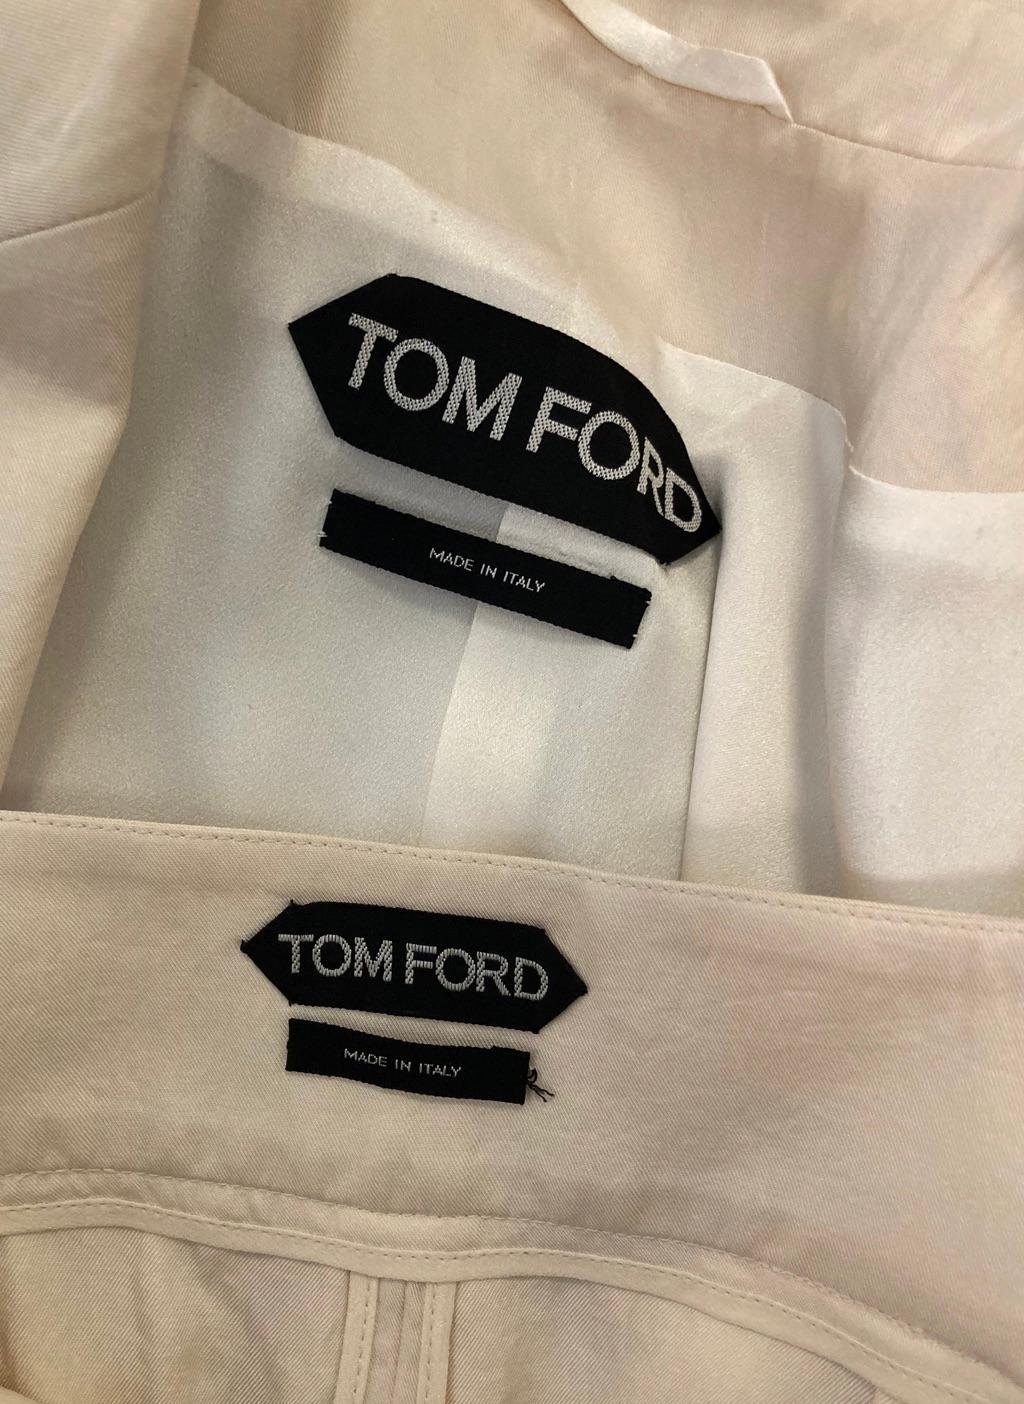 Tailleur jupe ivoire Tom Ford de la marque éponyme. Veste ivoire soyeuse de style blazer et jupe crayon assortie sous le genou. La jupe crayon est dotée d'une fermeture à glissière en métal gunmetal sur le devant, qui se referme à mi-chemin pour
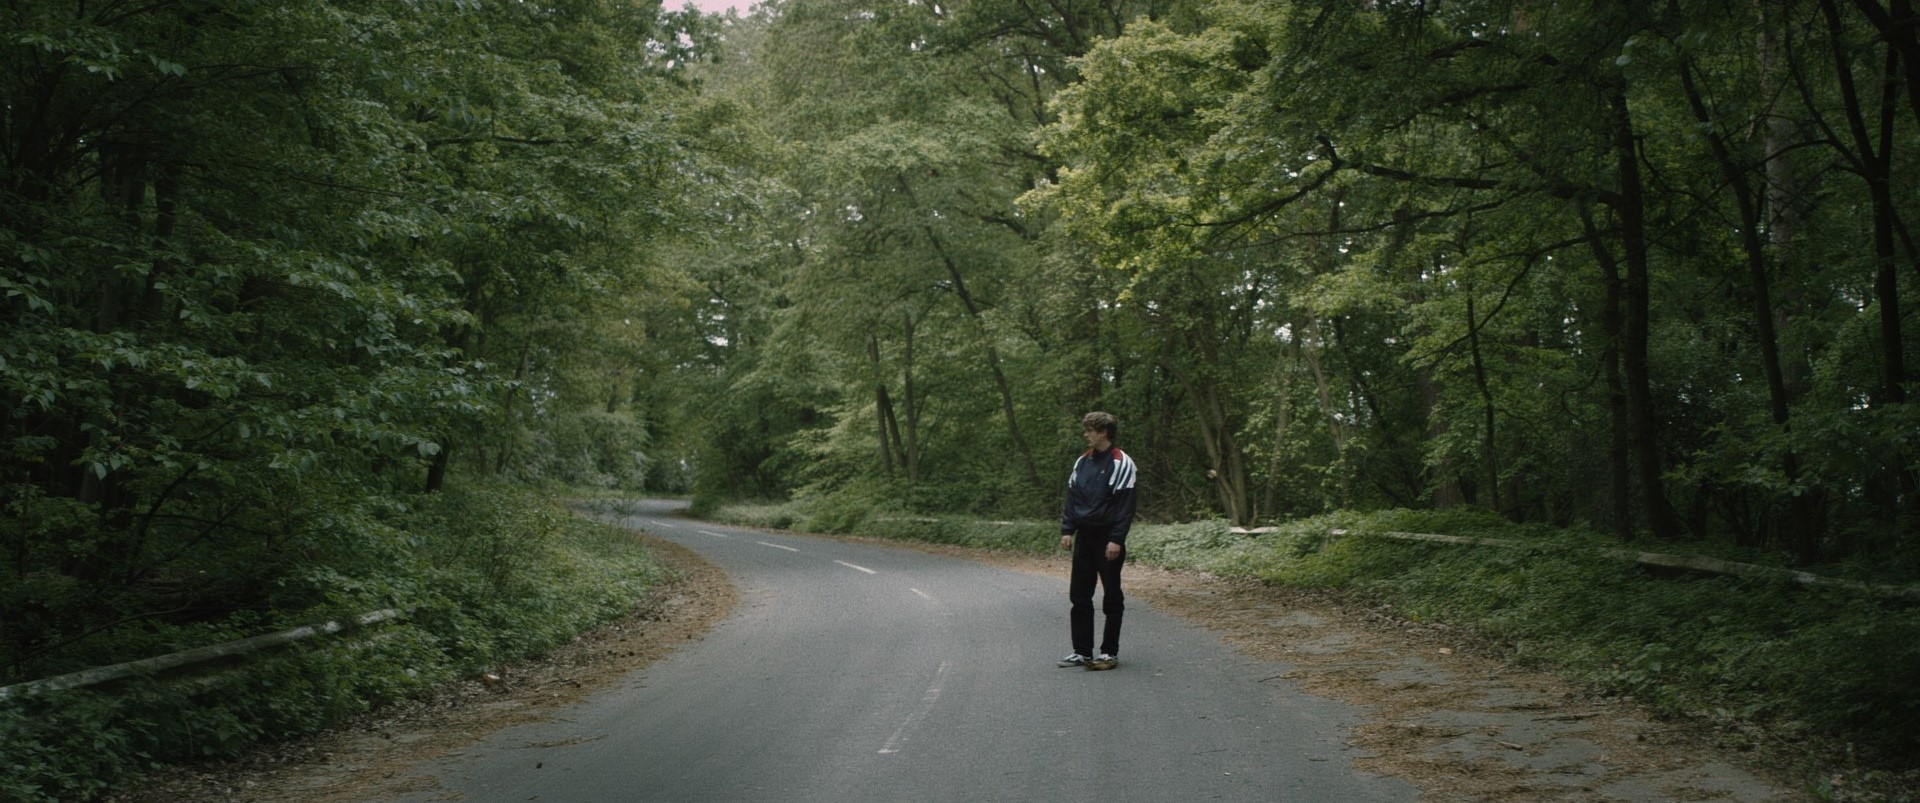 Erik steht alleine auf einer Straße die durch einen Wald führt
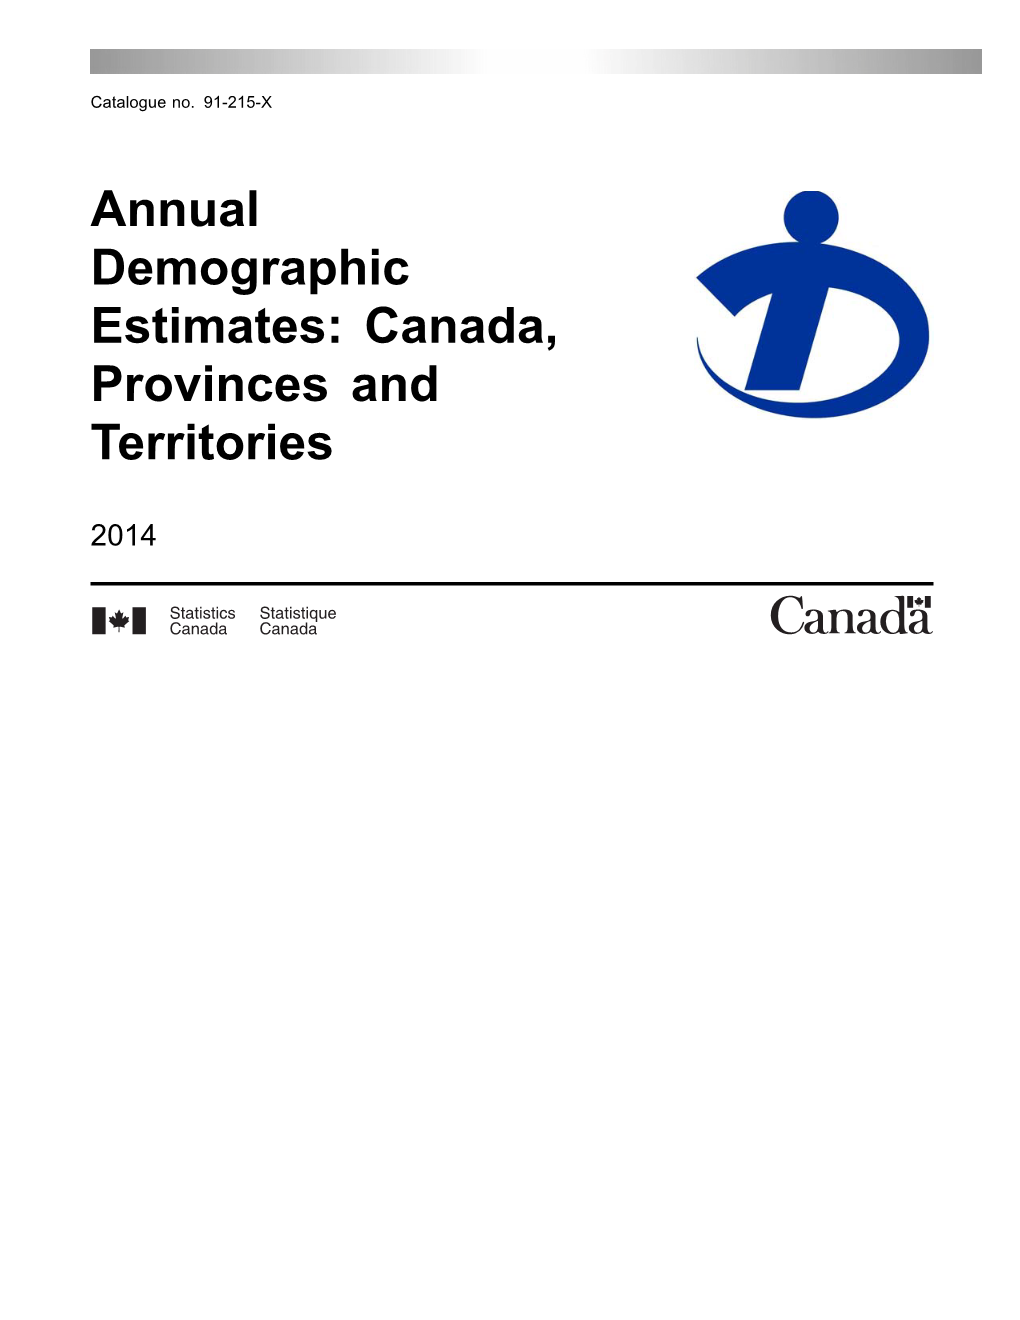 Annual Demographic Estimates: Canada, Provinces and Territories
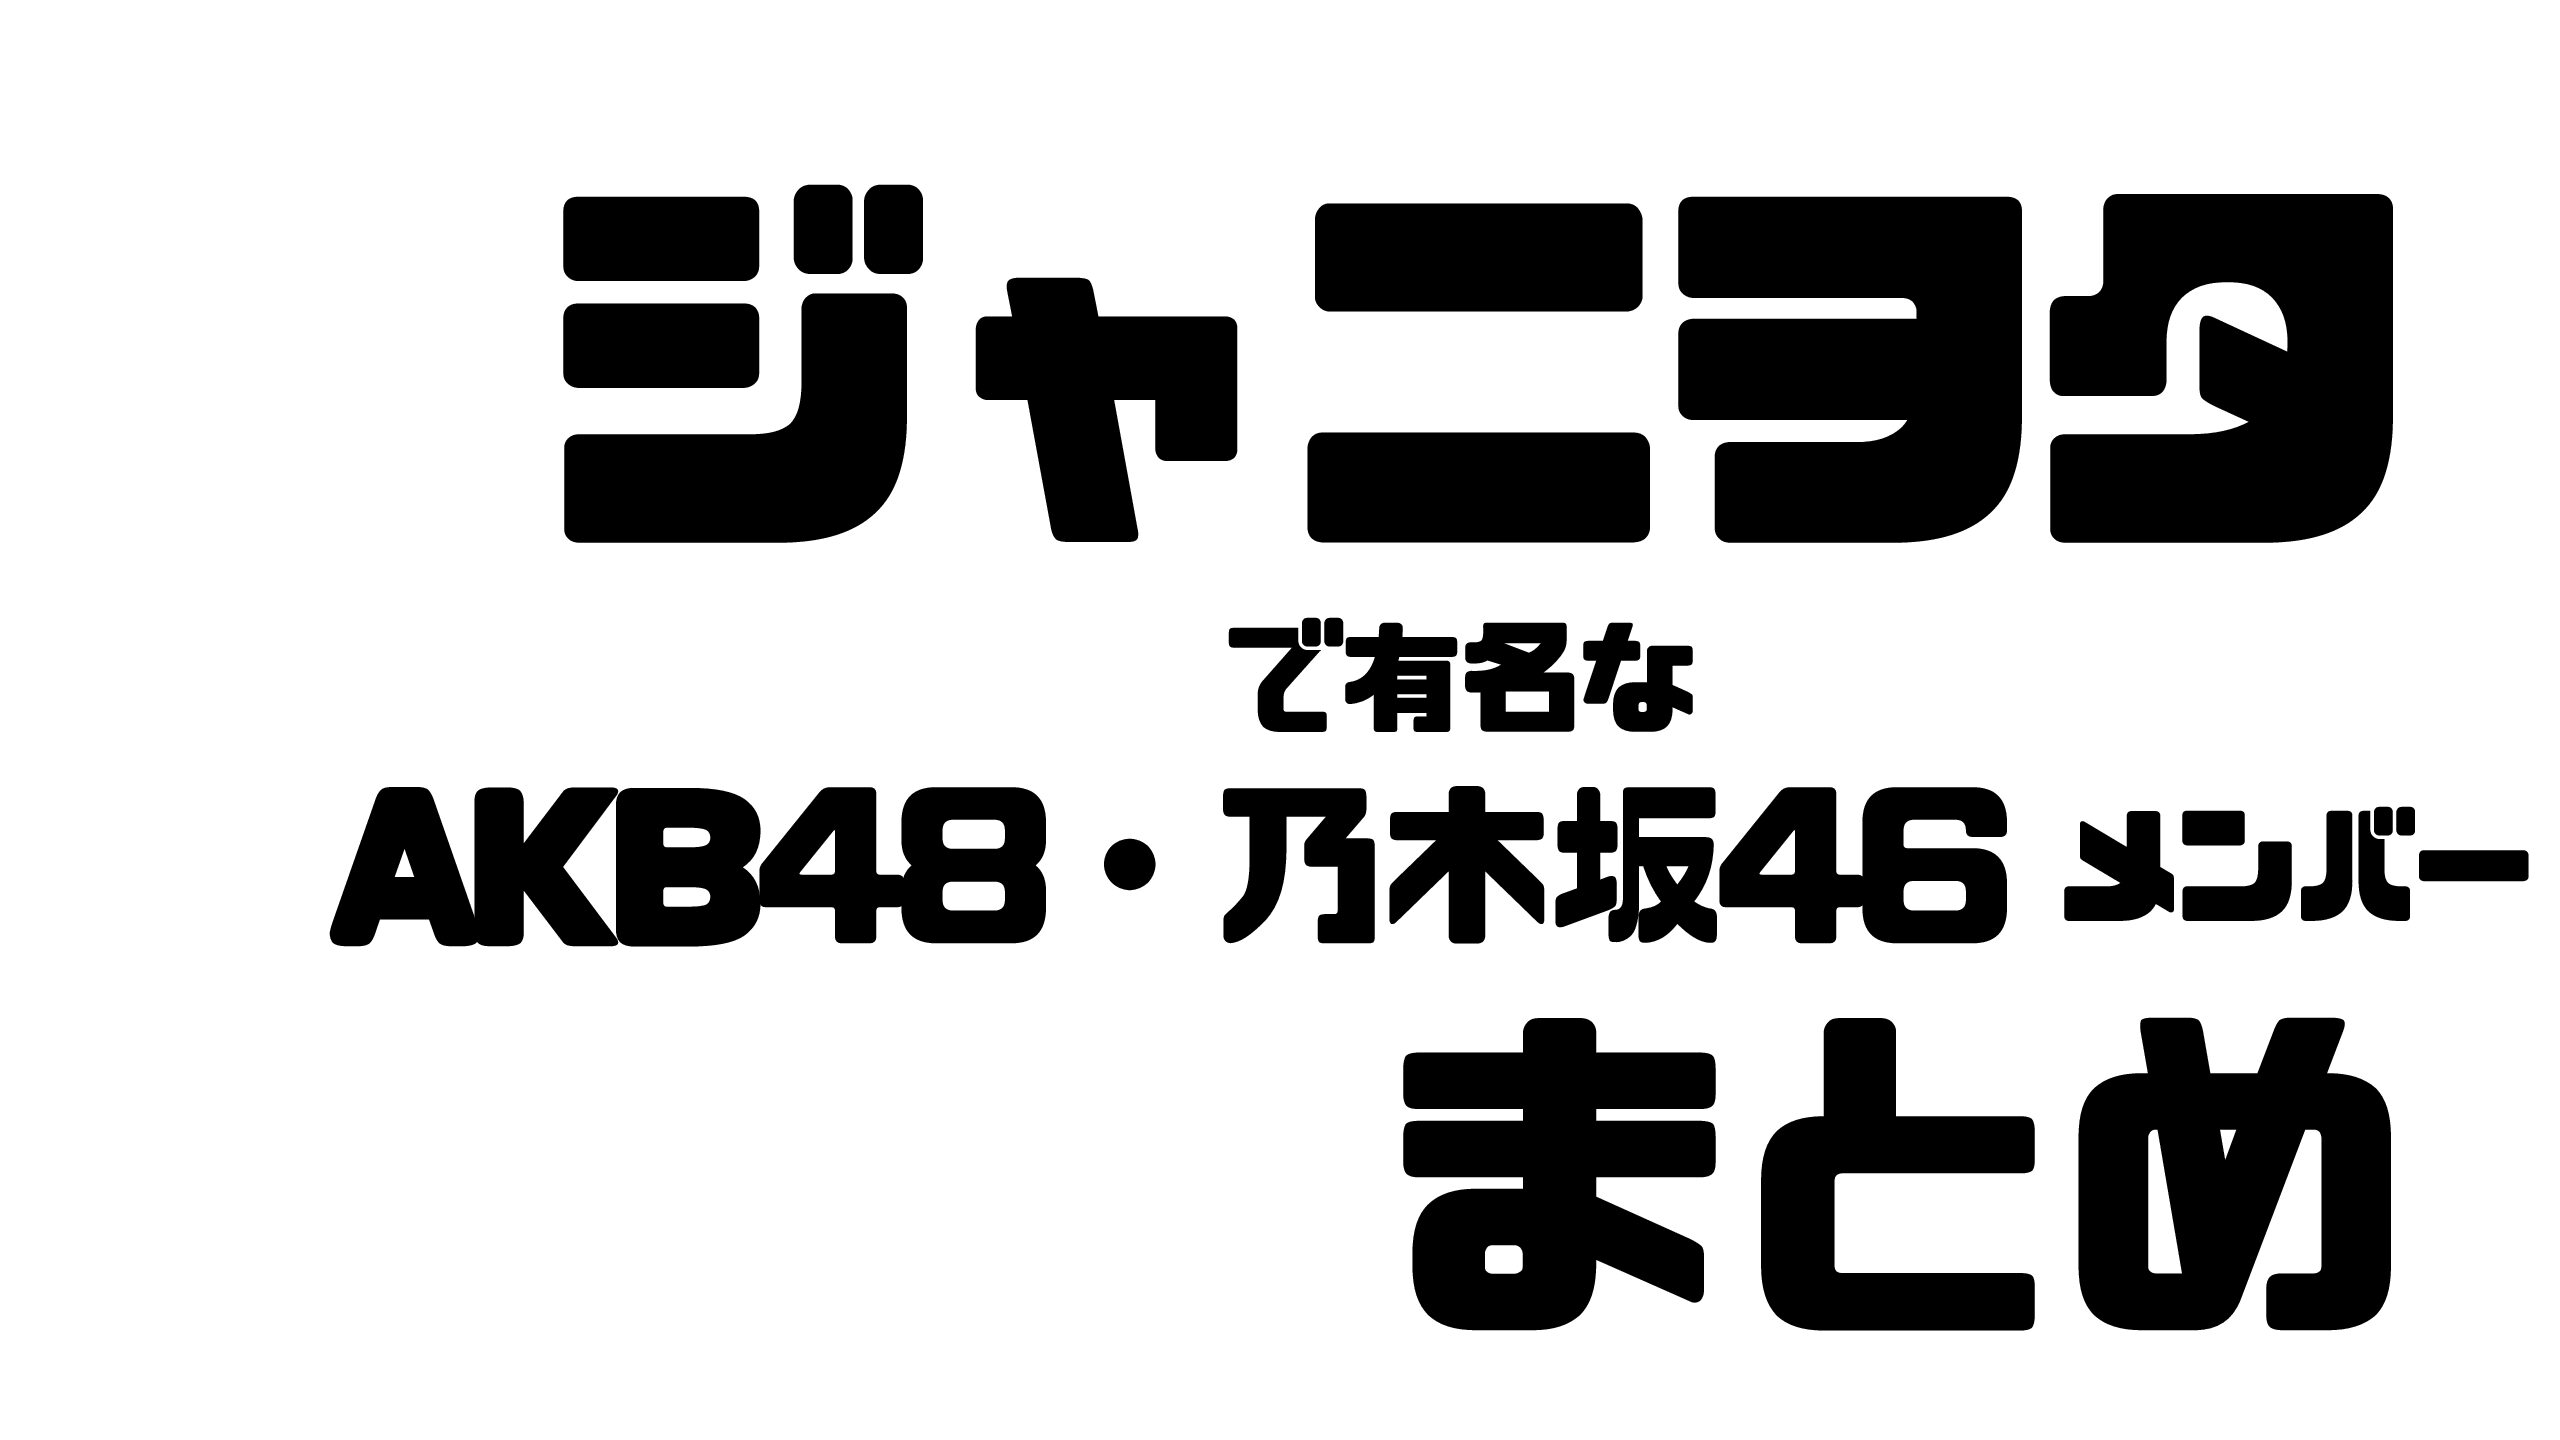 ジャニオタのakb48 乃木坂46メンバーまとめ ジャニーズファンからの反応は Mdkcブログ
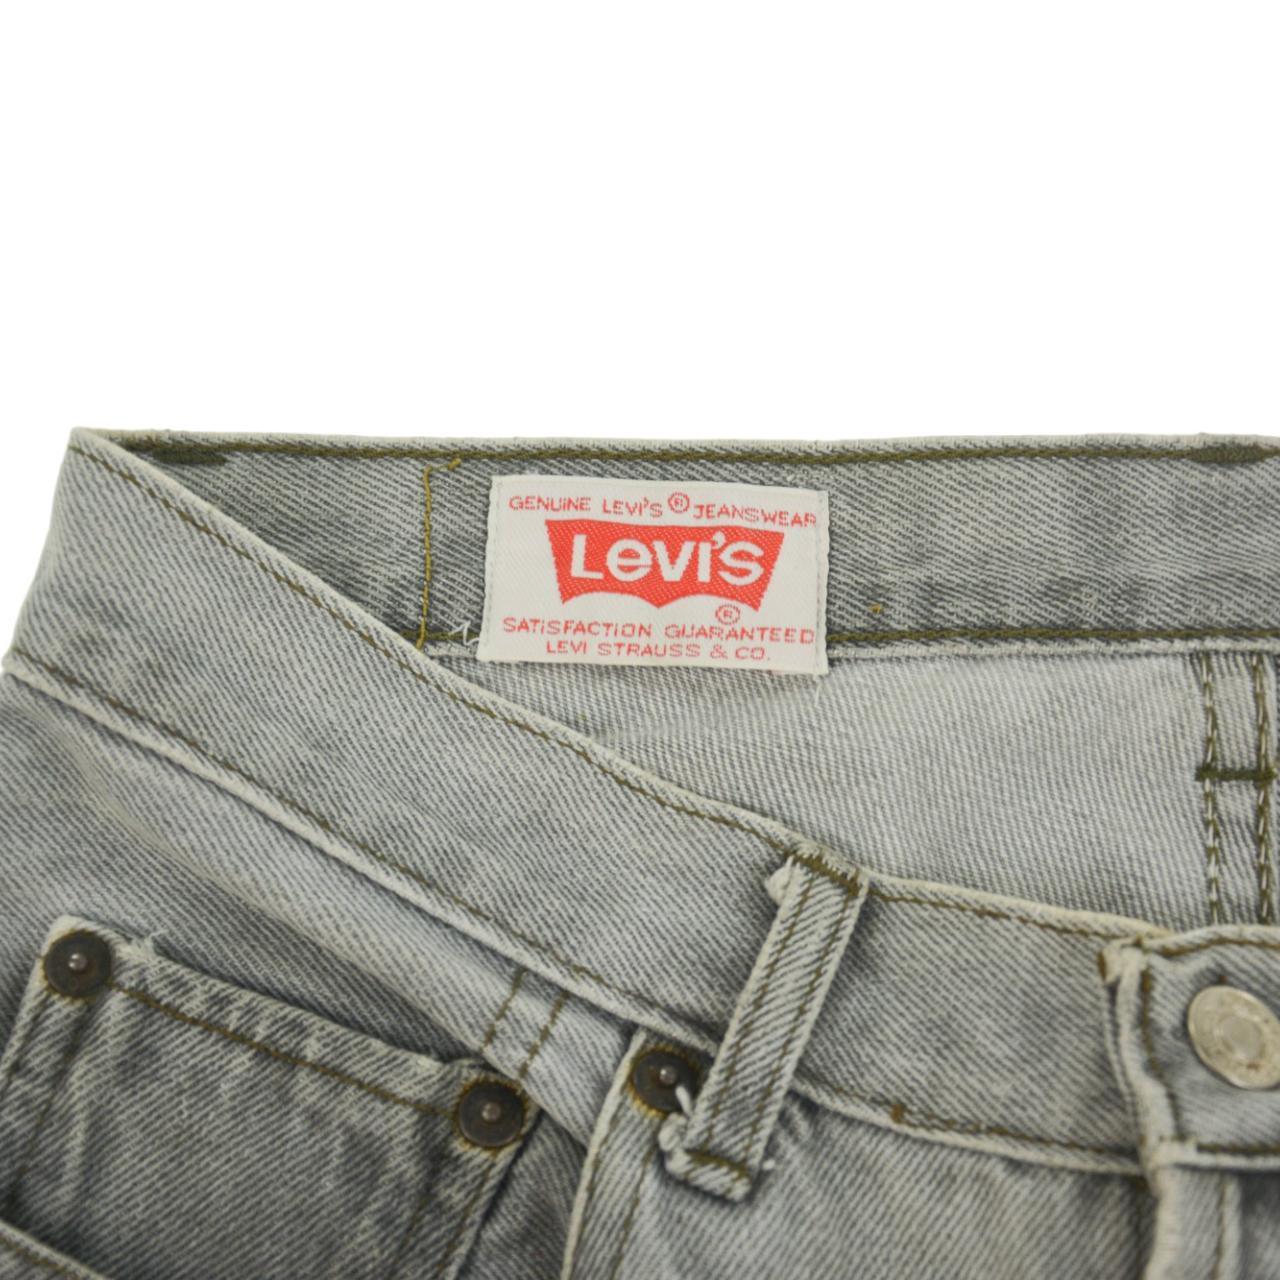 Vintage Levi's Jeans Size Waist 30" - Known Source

Task details —
Please output every entry above exactly, without the pictures.

Written reply —
 Tailleur jupe ivoire Tom Ford de la marque éponyme. Veste ivoire soyeuse de style blazer et jupe crayon assortie sous le genou. La jupe crayon est dotée d'une fermeture à glissière en métal gunmetal sur le devant, qui se referme à mi-chemin pour
 Erik steht alleine auf einer Straße die durch einen Wald führt
 Annual Demographic Estimates: Canada, Provinces and Territories
 ジャニオタのakb48 乃木坂46メンバーまとめ ジャニーズファンからの反応は Mdkcブログ
 Vintage Levi's Jeans Size Waist 30" - Known Source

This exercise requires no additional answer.